So, for example, I have the hex string "fffefffe". The binary representation of this is 11111111111111101111111111111110. The signed integer representation of this is: -65538.
How do I do this conversion in C++? This also needs to work for non-negative numbers. For example, the hex string "0000000A", which is 00000000000000000000000000001010 in binary, and 10 in decimal.
use std::stringstream
unsigned int x;
std::stringstream ss;
ss << std::hex << "fffefffe";
ss >> x;
the following example produces -65538 as its result:
#include <sstream>
#include <iostream>
int main() {
unsigned int x;
std::stringstream ss;
ss << std::hex << "fffefffe";
ss >> x;
// output it as a signed type
std::cout << static_cast<int>(x) << std::endl;
}
In the new C++11 standard, there are a few new utility functions which you can make use of! specifically, there is a family of "string to number" functions (http://en.cppreference.com/w/cpp/string/basic_string/stol and http://en.cppreference.com/w/cpp/string/basic_string/stoul). These are essentially thin wrappers around C's string to number conversion functions, but know how to deal with a std::string
So, the simplest answer for newer code would probably look like this:
std::string s = "0xfffefffe";
unsigned int x = std::stoul(s, nullptr, 16);
NOTE: Below is my original answer, which as the edit says is not a complete answer. For a functional solution, stick the code above the line :-).
It appears that since lexical_cast<> is defined to have stream conversion semantics. Sadly, streams don't understand the "0x" notation. So both the boost::lexical_cast and my hand rolled one don't deal well with hex strings. The above solution which manually sets the input stream to hex will handle it just fine.
Boost has some stuff to do this as well, which has some nice error checking capabilities as well. You can use it like this:
try {
unsigned int x = lexical_cast<int>("0x0badc0de");
} catch(bad_lexical_cast &) {
// whatever you want to do...
}
If you don't feel like using boost, here's a light version of lexical cast which does no error checking:
template<typename T2, typename T1>
inline T2 lexical_cast(const T1 &in) {
T2 out;
std::stringstream ss;
ss << in;
ss >> out;
return out;
}
which you can use like this:
// though this needs the 0x prefix so it knows it is hex
unsigned int x = lexical_cast<unsigned int>("0xdeadbeef");
For a method that works with both C and C++, you might want to consider using the standard library function strtol().
#include <cstdlib>
#include <iostream>
using namespace std;
int main() {
string s = "abcd";
char * p;
long n = strtol( s.c_str(), & p, 16 );
if ( * p != 0 ) { //my bad edit was here
cout << "not a number" << endl;
}
else {
cout << n << endl;
}
}
Andy Buchanan, as far as sticking to C++ goes, I liked yours, but I have a few mods:
template <typename ElemT>
struct HexTo {
ElemT value;
operator ElemT() const {return value;}
friend std::istream& operator>>(std::istream& in, HexTo& out) {
in >> std::hex >> out.value;
return in;
}
};
Used like
uint32_t value = boost::lexical_cast<HexTo<uint32_t> >("0x2a");
That way you don't need one impl per int type.

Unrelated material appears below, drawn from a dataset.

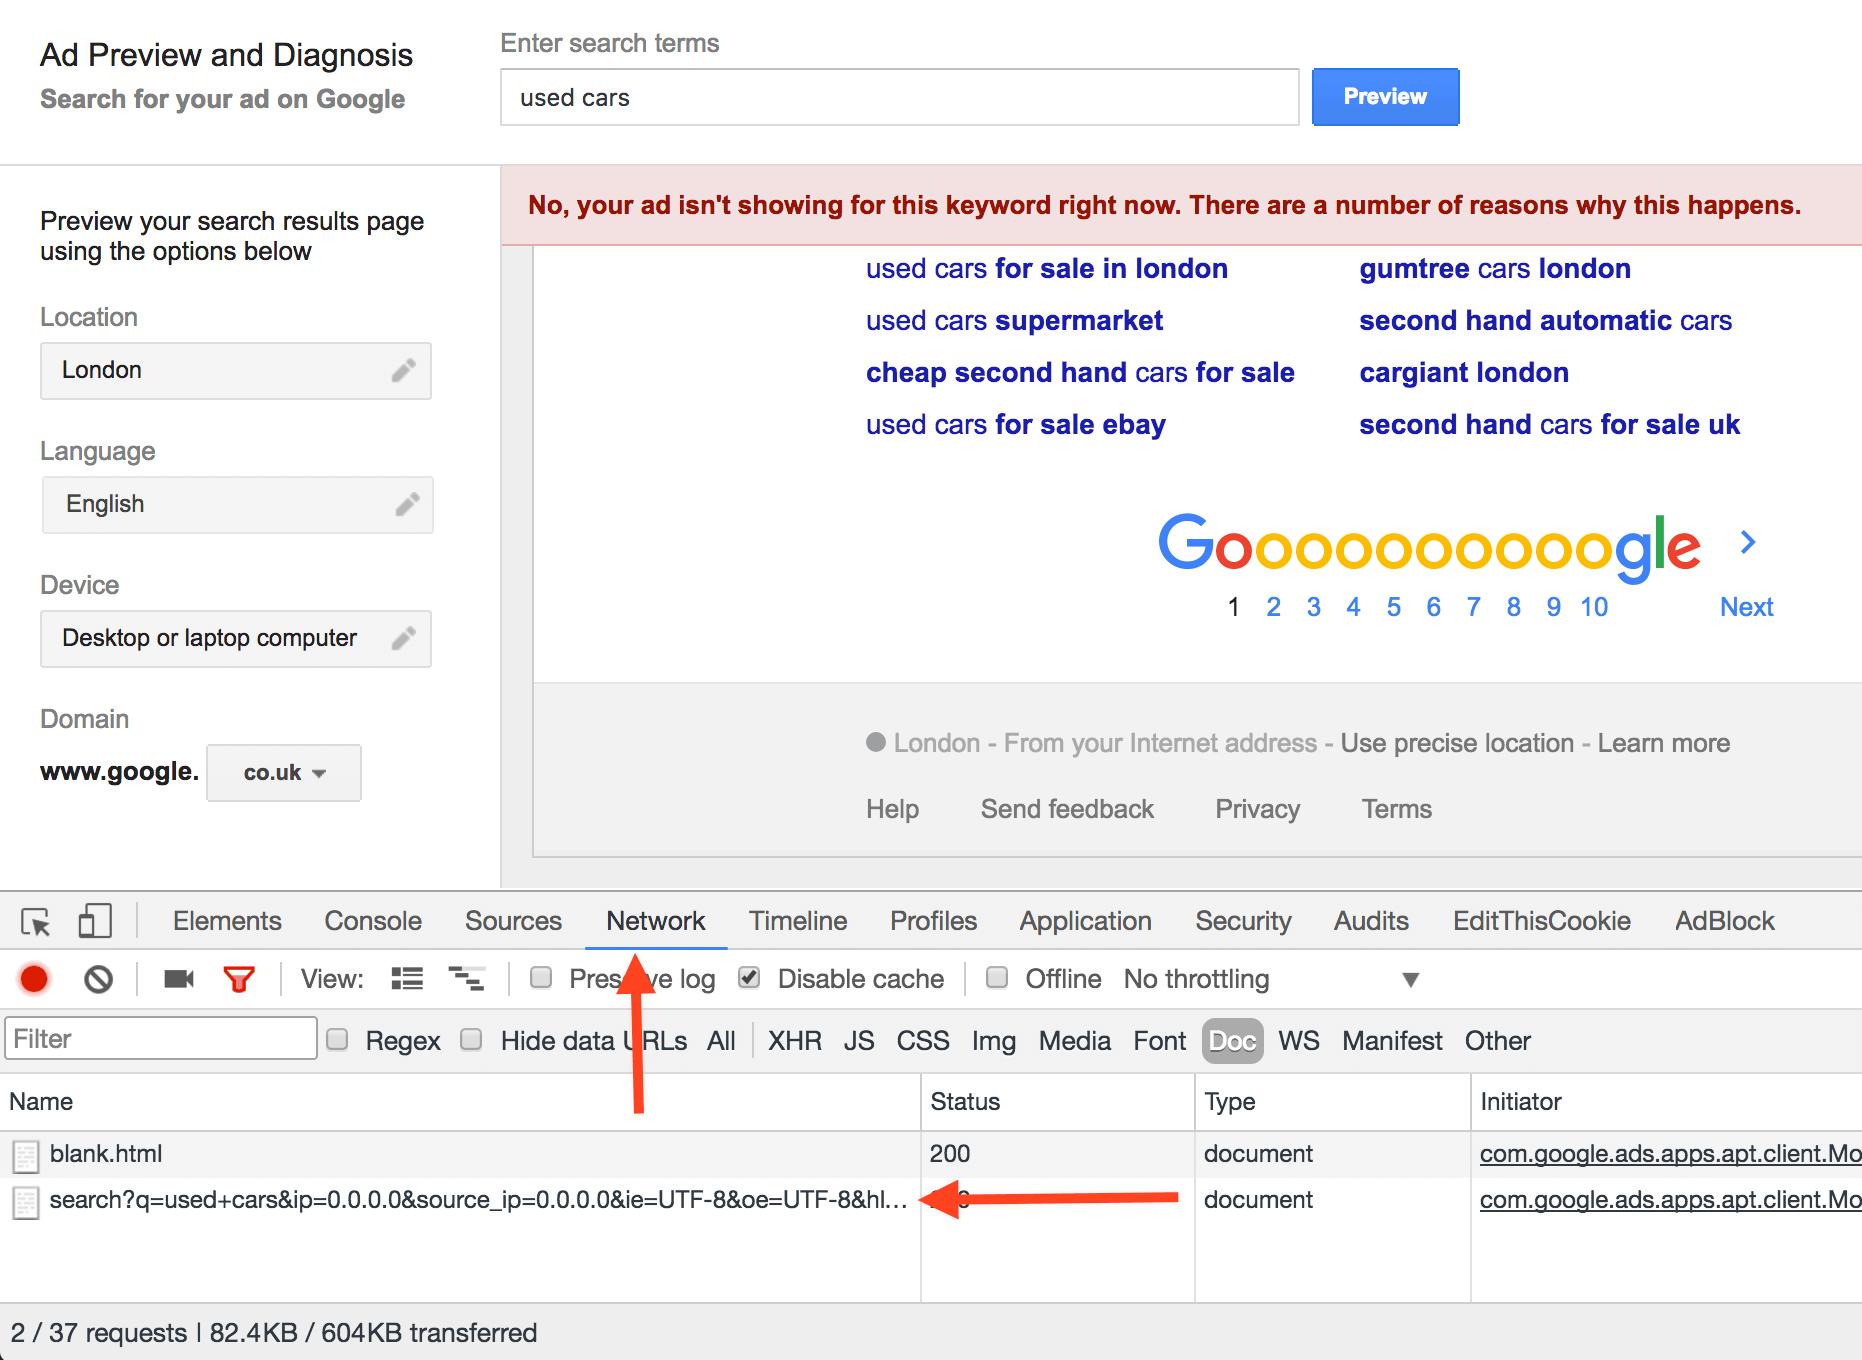 Keywords in Ads

Working example with strtoul will be:
#include <cstdlib>
#include <iostream>
using namespace std;
int main() {
string s = "fffefffe";
char * p;
long n = strtoul( s.c_str(), & p, 16 );
if ( * p != 0 ) {
cout << "not a number" << endl;
} else {
cout << n << endl;
}
}
strtol converts string to long. On my computer numeric_limits<long>::max() gives 0x7fffffff. Obviously that 0xfffefffe is greater than 0x7fffffff. So strtol returns MAX_LONG instead of wanted value. strtoul converts string to unsigned long that's why no overflow in this case.
Ok, strtol is considering input string not as 32-bit signed integer before convertation. Funny sample with strtol:
#include <cstdlib>
#include <iostream>
using namespace std;
int main() {
string s = "-0x10002";
char * p;
long n = strtol( s.c_str(), & p, 16 );
if ( * p != 0 ) {
cout << "not a number" << endl;
} else {
cout << n << endl;
}
}
The code above prints -65538 in console.
Here's a simple and working method I found elsewhere:
string hexString = "7FF";
int hexNumber;
sscanf(hexString.c_str(), "%x", &hexNumber);
Please note that you might prefer using unsigned long integer/long integer, to receive the value.
Another note, the c_str() function just converts the std::string to const char* .
So if you have a const char* ready, just go ahead with using that variable name directly, as shown below [I am also showing the usage of the unsigned long variable for a larger hex number. Do not confuse it with the case of having const char* instead of string]:
const char *hexString = "7FFEA5"; //Just to show the conversion of a bigger hex number
unsigned long hexNumber; //In case your hex number is going to be sufficiently big.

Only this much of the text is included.